Prof Barry, who has been a judge at the exhibition for 25 years, has found most projects are now based on surveys and statistical analysis.
A statistical study on people’s attitude to allergies, including anaphylaxis, formed the mainstay for Mia Hynes, a second-year student at Kinsale Community School, Cork.
Mia, 14, found, through a survey of 880 people, that one in five of us have an allergy. She also found that three out of four (75%) people know someone who has an allergy.
“People’s knowledge about allergies could be described as fair but I would like to see more public information on the issue,” Mia said, adding that, even if she does not win a prize, she hopes to take her project further. “I can’t wait to come back here next year after making improvements to this project because I can expand it in so many ways.”
Three teenagers who are also students at Kinsale Community School found that radio frequencies from recently installed water meters affect mobile phone signals.
Claire Bernard, Alana McSweeney, and Sarah Cotter of Kinsale Community School found that water meters are having an effect on mobile phone frequency, but they haven’t told Irish Water just yet.
Second-year students, Alana McSweeney, 14, Claire Bernard, 13, and Sarah Cotter, 14, found that the signal of a mobile phone weakened if it was within 3m of a water meter.
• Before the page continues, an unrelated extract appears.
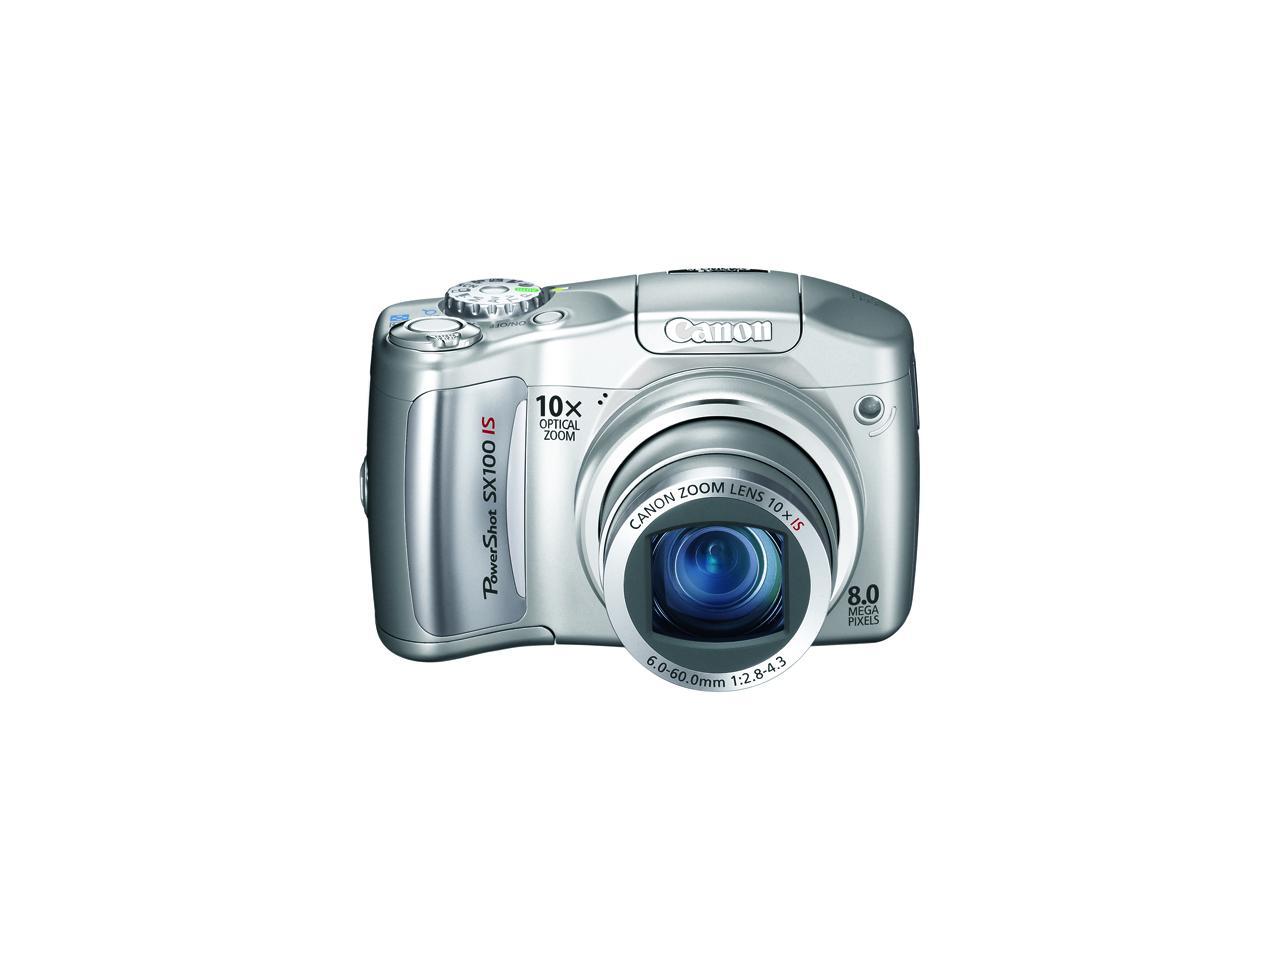 Overwegen Caroline Opgetild Canon PowerShot SX100 IS Silver 8.0 MP Digital Camera - Newegg.com

They have not told Irish Water about their findings but are happy that they have proved their case. “We did a lot of testing,” said Sarah. “We conducted 1,413 tests in 471 houses. We analysed all the data and got a 95% confidence level.
The students want to develop their project to see if the radio frequency from water meters could be interfering with anything else.
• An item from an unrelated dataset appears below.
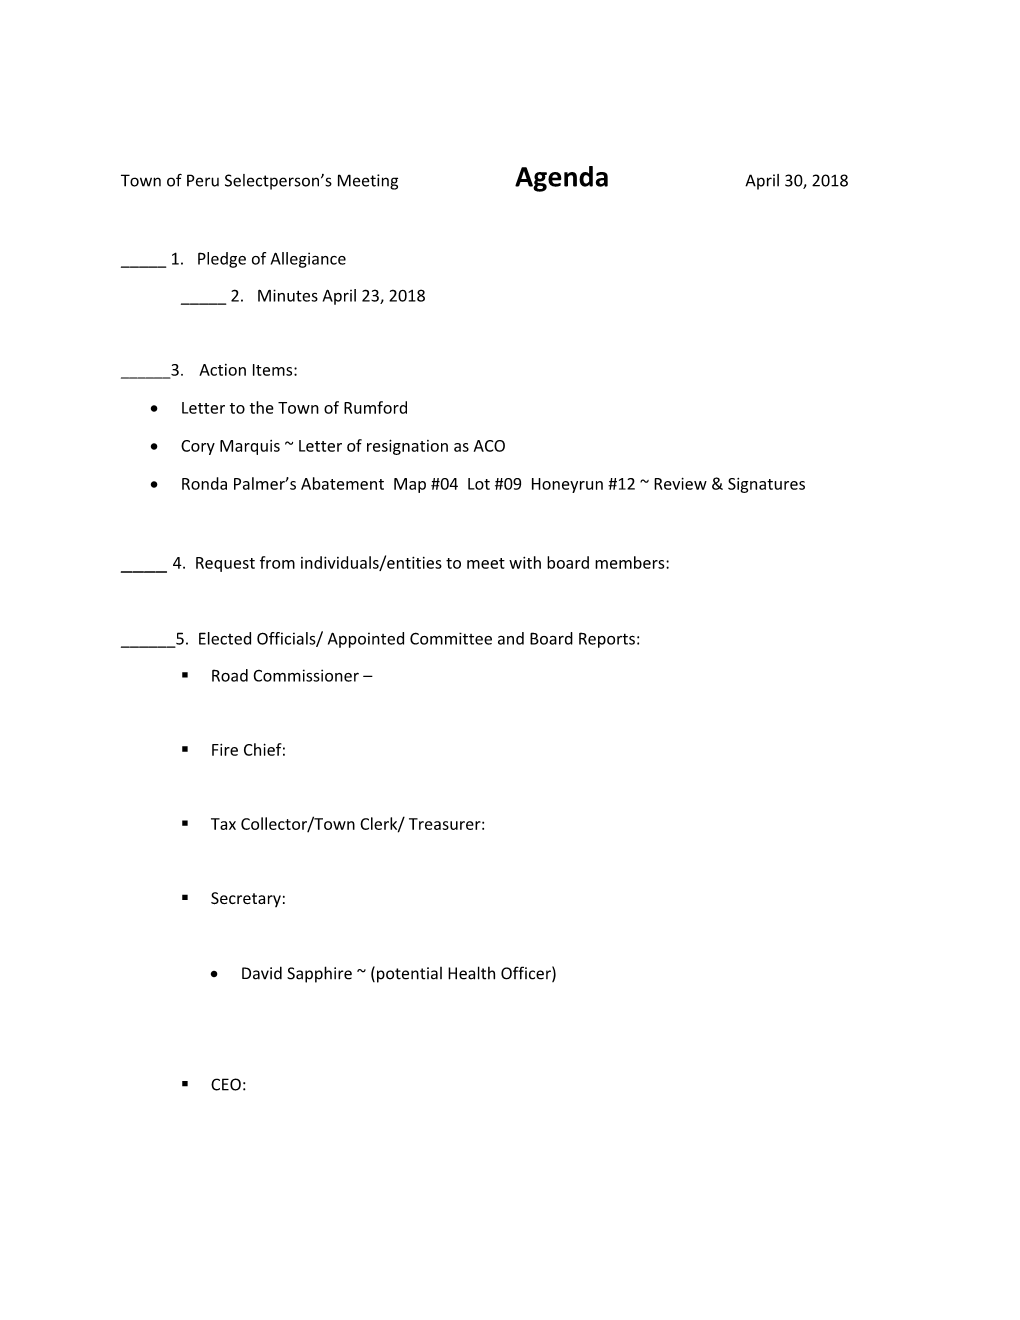 Town of Peru Selectperson S Meeting Agenda April 30, 2018

Two first-year students from Bandon Grammar School, Co Cork, looked at how the weights and heights of the most capped wingers in the top eight international rugby teams had changed over the last 20 years.
Jean-Luc Crowley Debarbouille and Daniel Hoban of Bandon Grammar examined whether bigger is better for rugby wingers.
Daniel Hoban and Jean-Luc Crowley Debarbouille, both 13, found that bigger was indeed better. “There is a correlation between weight and tries per player per year,” Daniel said.
The teenagers found that the best performing weight range is 100kg to 104kg, although there were one or two exceptions.
Jean-Luc said retired Welsh star Shane Williams, who weighed 80kg, scored 58 international tries while former New Zealand flier Jonah Lomu, who weighed 120kg, scored 37.
But the weight and energy difference is a key factor in match injuries. “If there was a direct collision between Williams and Lomu, Lomu would bring 59% more energy into it than Williams,” Daniel said.
Two students from Sacred Heart Secondary School in Clonakilty, Co Cork, Ailbhe Murphy and Julie O’Donovan, both aged 16, have found a way of capturing escaping heat from a chimney. “To put the heat to good use we decided to put a metal coil made of half-inch copper piping inside the flue of a chimney or stove to heat a house’s water supply,” said Julie.
The transition year students have created a prototype and intend developing their project further.
Meanwhile, there has been a 43% increase in the number of entries for the Primary Science Fair that is also running in the RDS.
It has been oversubscribed by 130% and half of the schools are first-time entrants.
Laura White, Kayleigh Brosnan, and Imogen Lyons of Colaiste Ide and Iosef, Limerick, examined the hazards of livestock gas.
There are over 120 class projects by more than 2,700 fourth, fifth, and sixth class students who have investigated a question or problem through working scientifically.
Demand for places at the fair has meant that on each day, different schools will have projects on display. It is a non-competitive event but participating awards are given to all the schools taking part.